Task goal. Write out exactly, and only, the lines below from the line with "Carpathian Gold Inc." through the line with "Real Madrid is"; pictures do not belong in the copy.

Recorded data.
= = = = =

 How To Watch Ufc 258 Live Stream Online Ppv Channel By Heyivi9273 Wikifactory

= = = = =

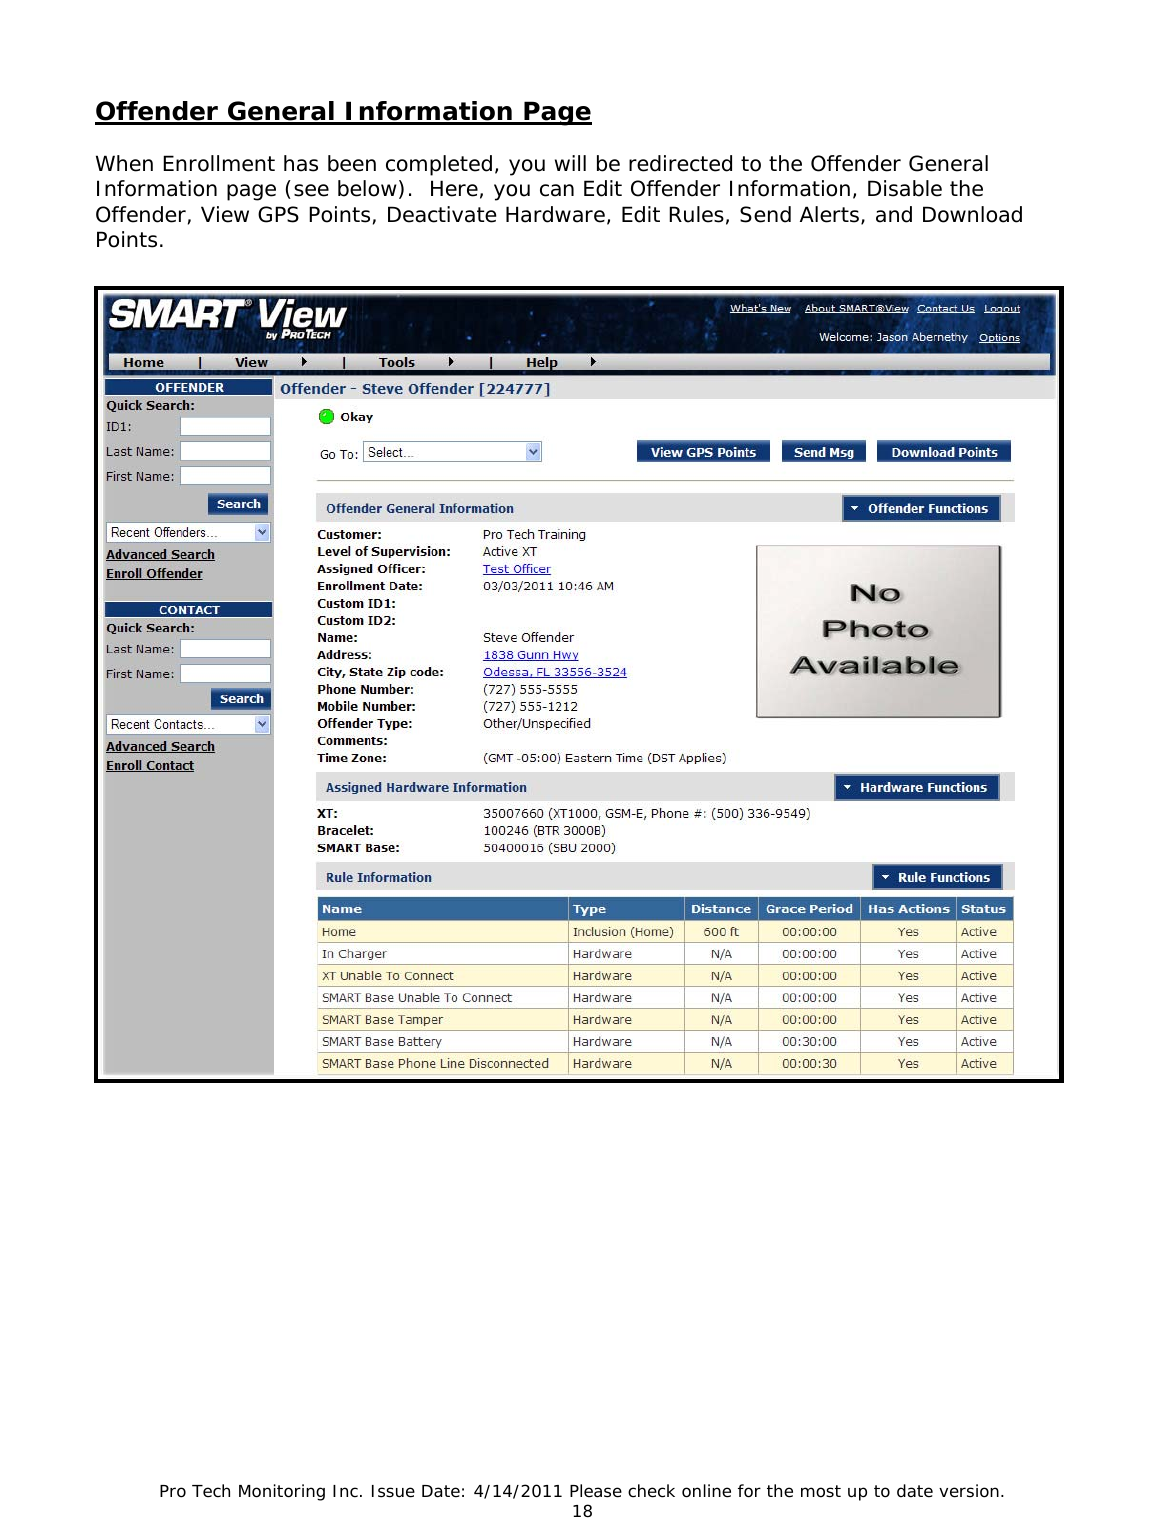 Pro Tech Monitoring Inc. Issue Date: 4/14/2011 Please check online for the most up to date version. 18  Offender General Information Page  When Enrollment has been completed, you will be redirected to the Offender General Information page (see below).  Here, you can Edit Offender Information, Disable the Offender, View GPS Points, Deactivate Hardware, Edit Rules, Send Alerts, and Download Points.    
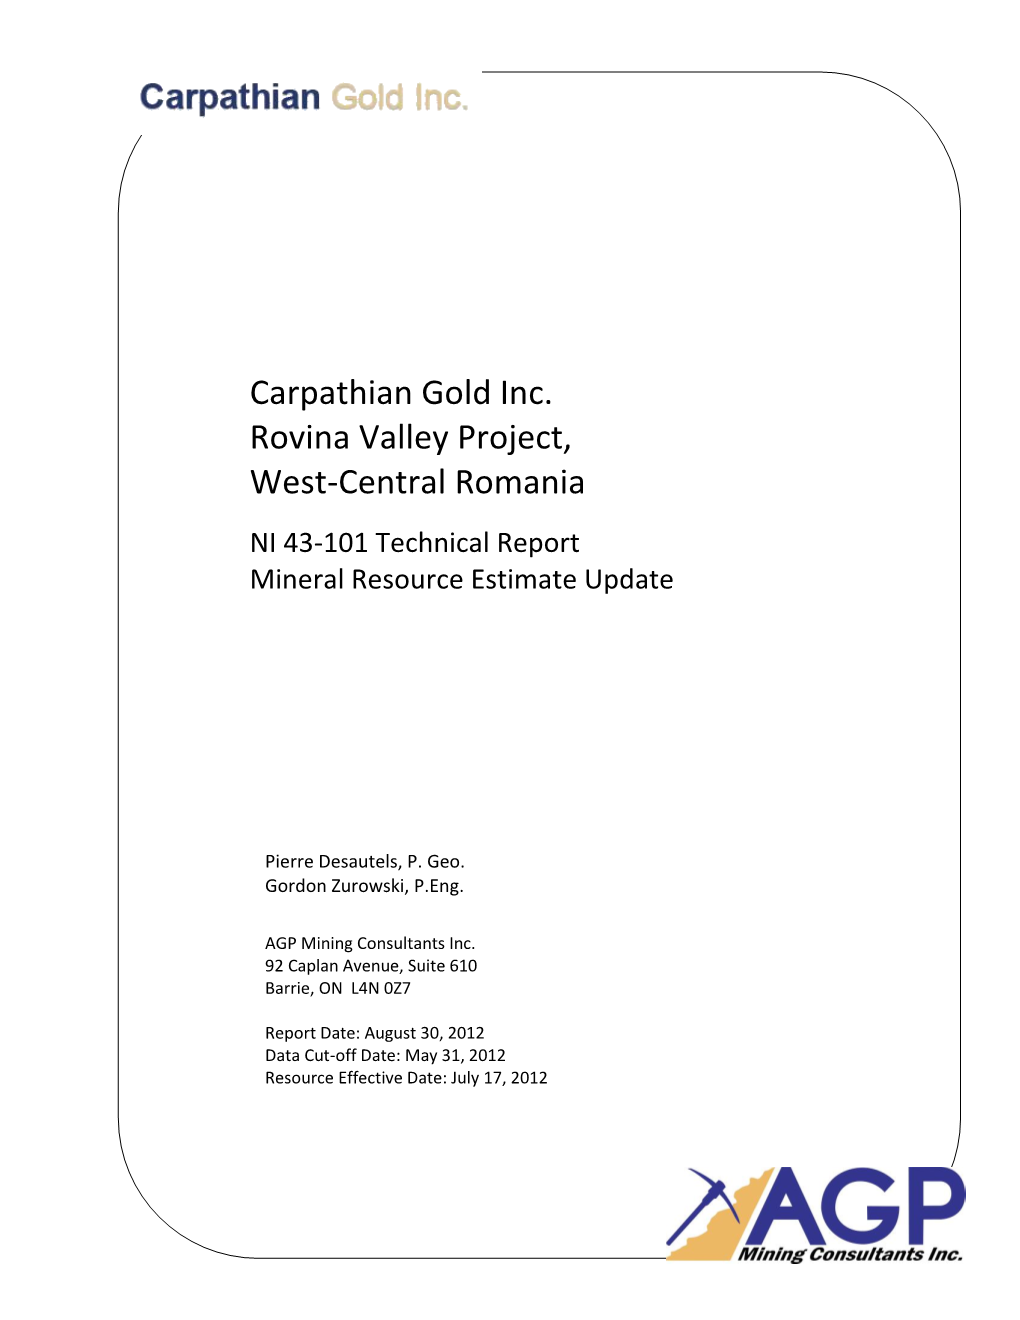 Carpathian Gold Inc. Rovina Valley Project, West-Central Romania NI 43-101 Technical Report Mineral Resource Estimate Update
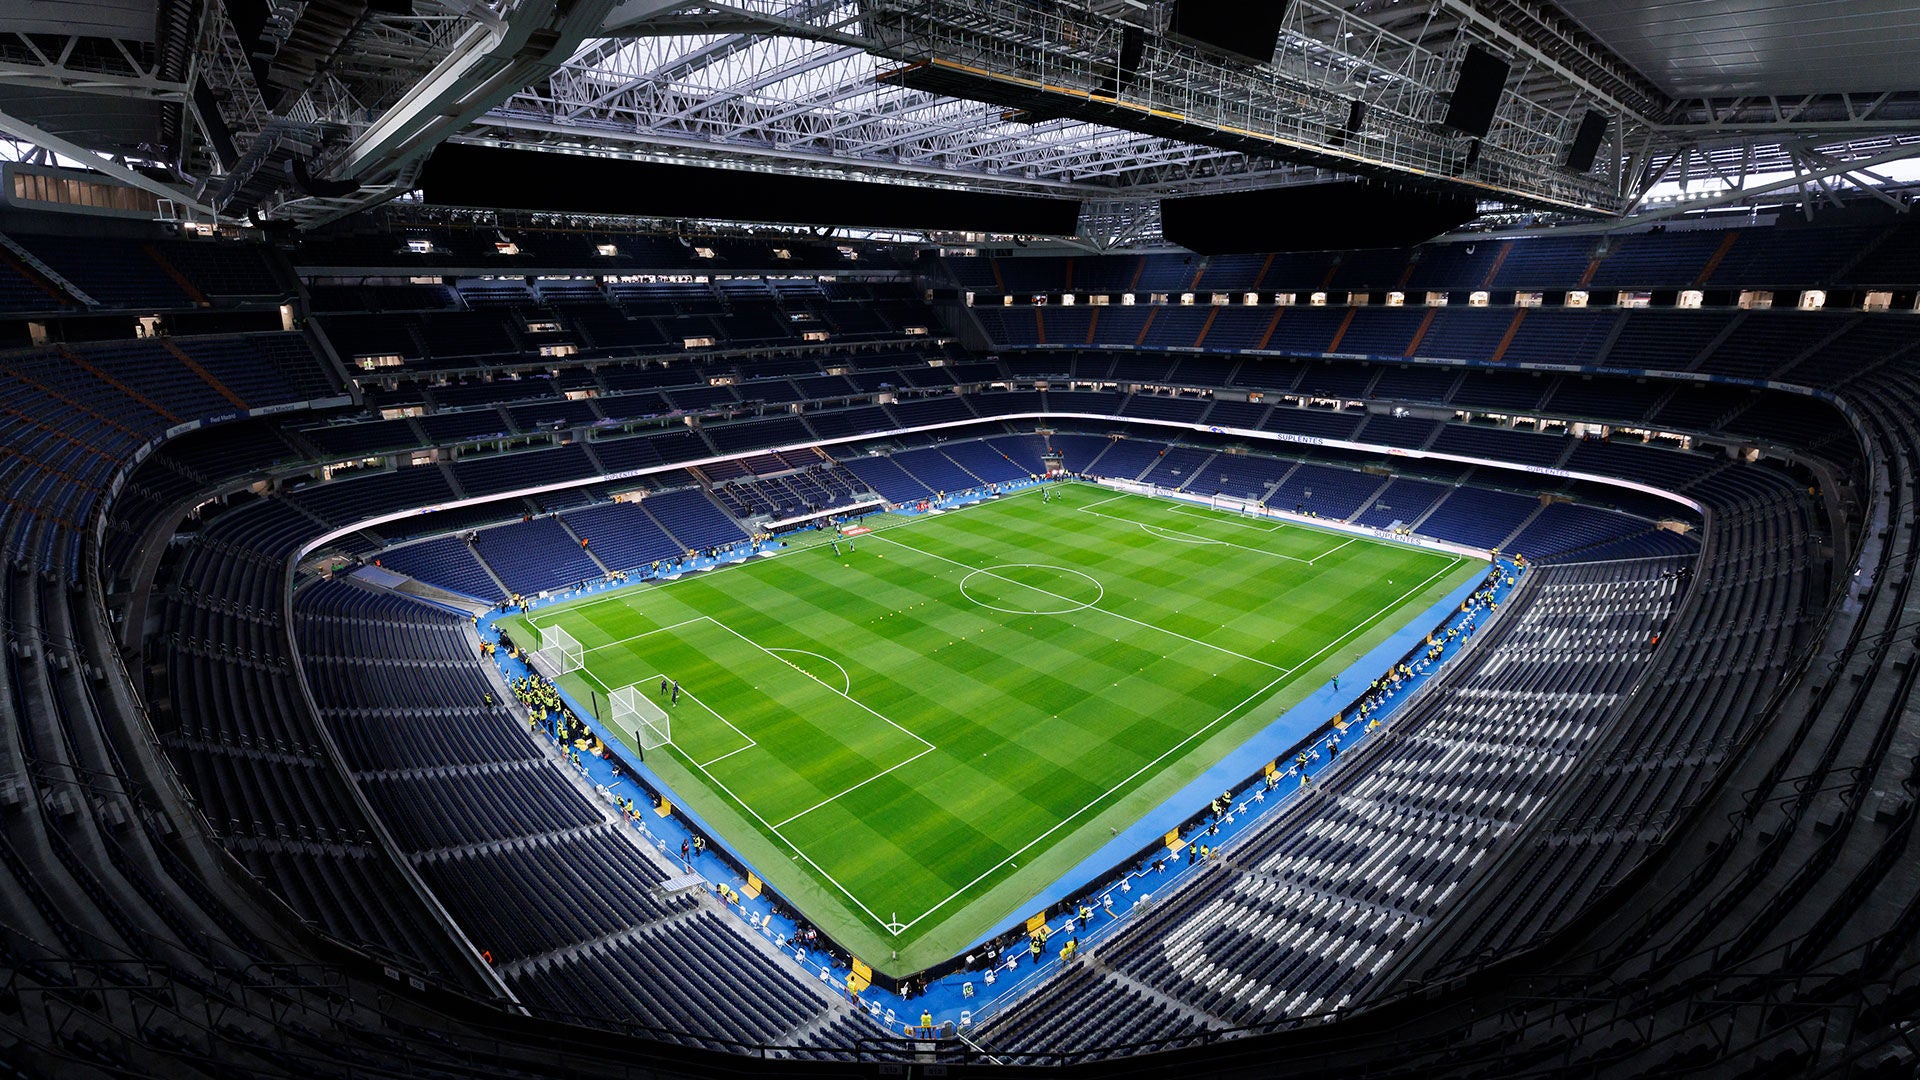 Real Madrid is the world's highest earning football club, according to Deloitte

= = = = =

Response area.
 Carpathian Gold Inc. Rovina Valley Project, West-Central Romania NI 43-101 Technical Report Mineral Resource Estimate Update
 Real Madrid is the world's highest earning football club, according to Deloitte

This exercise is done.